India was supposed to be next. India, with the Doctor, married, for our honeymoon. But
the Doctor had met me on the wharf when the Kaisei made San Diego, and called it off. A
chasm opened in the ground and swallowed the world. It wasn't me, she said. But still. No
wedding. No marriage. My life evaporated in a single afternoon.
I took it hard. The global environment, formerly such a candy store of problems, now
lost its appeal. Even climate change and mass extinction seemed pretty minor next to the
growing monument of my heartache. Yet books must be written. Who would take up the
gospel of pollution tourism if I let it drop? I ditched India for the meantime and made for
the Amazon, a fugitive from my own despair.
My friend Adam came with me. Or maybe I should say that I went with him. Ostensibly
he was coming so we could shoot a television news piece in Brazil. We had collaborated on
that kind of work before. But I also suspected that, unlike me, Adam wanted to go to Brazil.
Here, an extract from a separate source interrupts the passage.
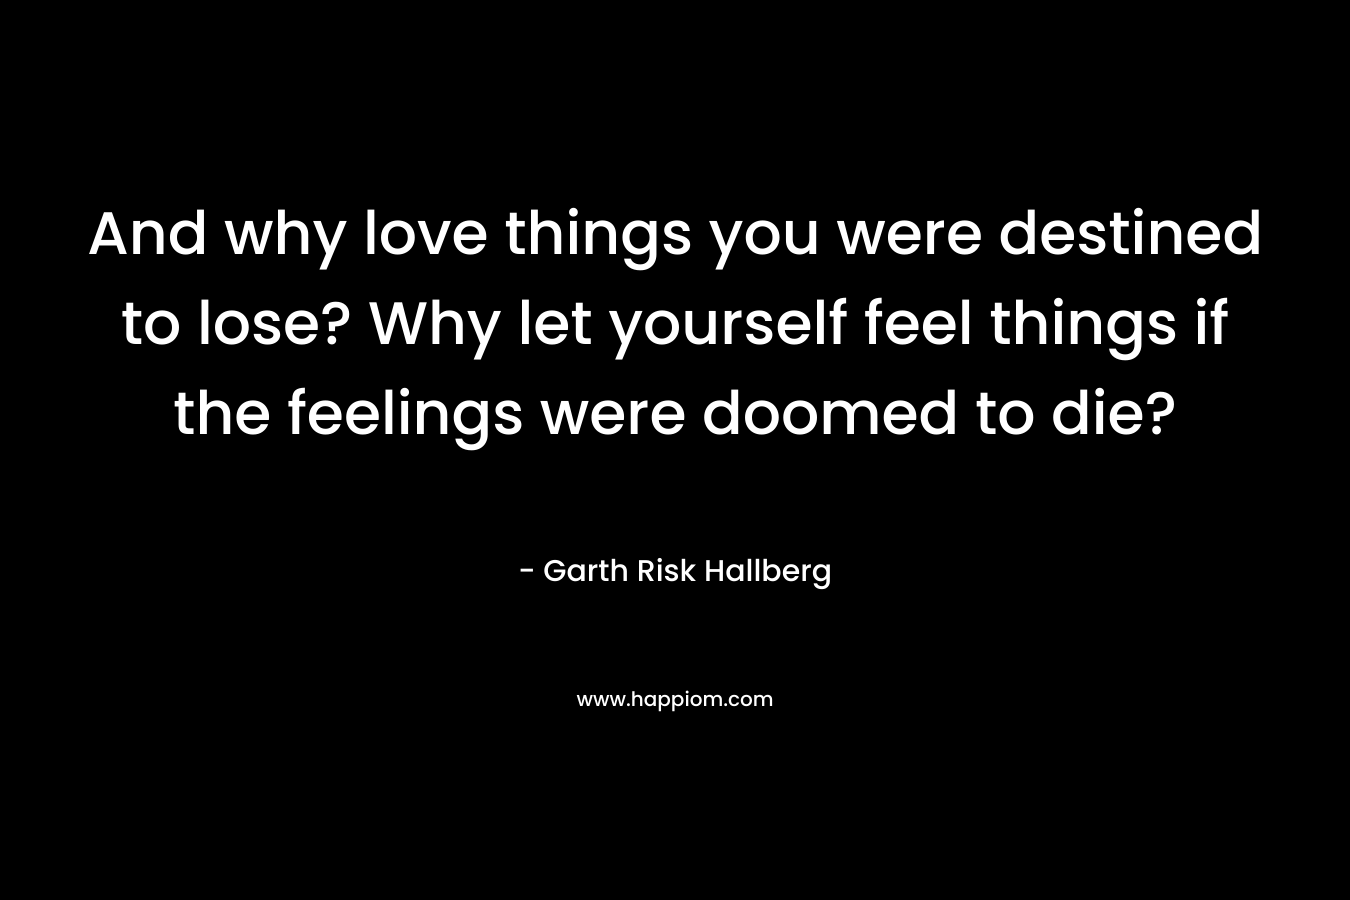 And why love things you were destined to lose? Why let yourself feel things if the feelings were doomed to die? – Garth Risk Hallberg

He may have thought, too, that I could use a little support. Left to my own devices, I might
spend the entire Amazon trip in a hotel room, under a mosquito net, watching whatever
passes for cable TV down there.
Friends—they're always trying to encourage you, and to convince you that you're not
incompetent and unlovable and doomed to failure. Why can't they just butt out? On the
other hand, with Adam on board, I could renounce all the detailed background research that
I was going to blow off anyway. What was I going to do—crack open the Amazon with a
week's googling? Screw that.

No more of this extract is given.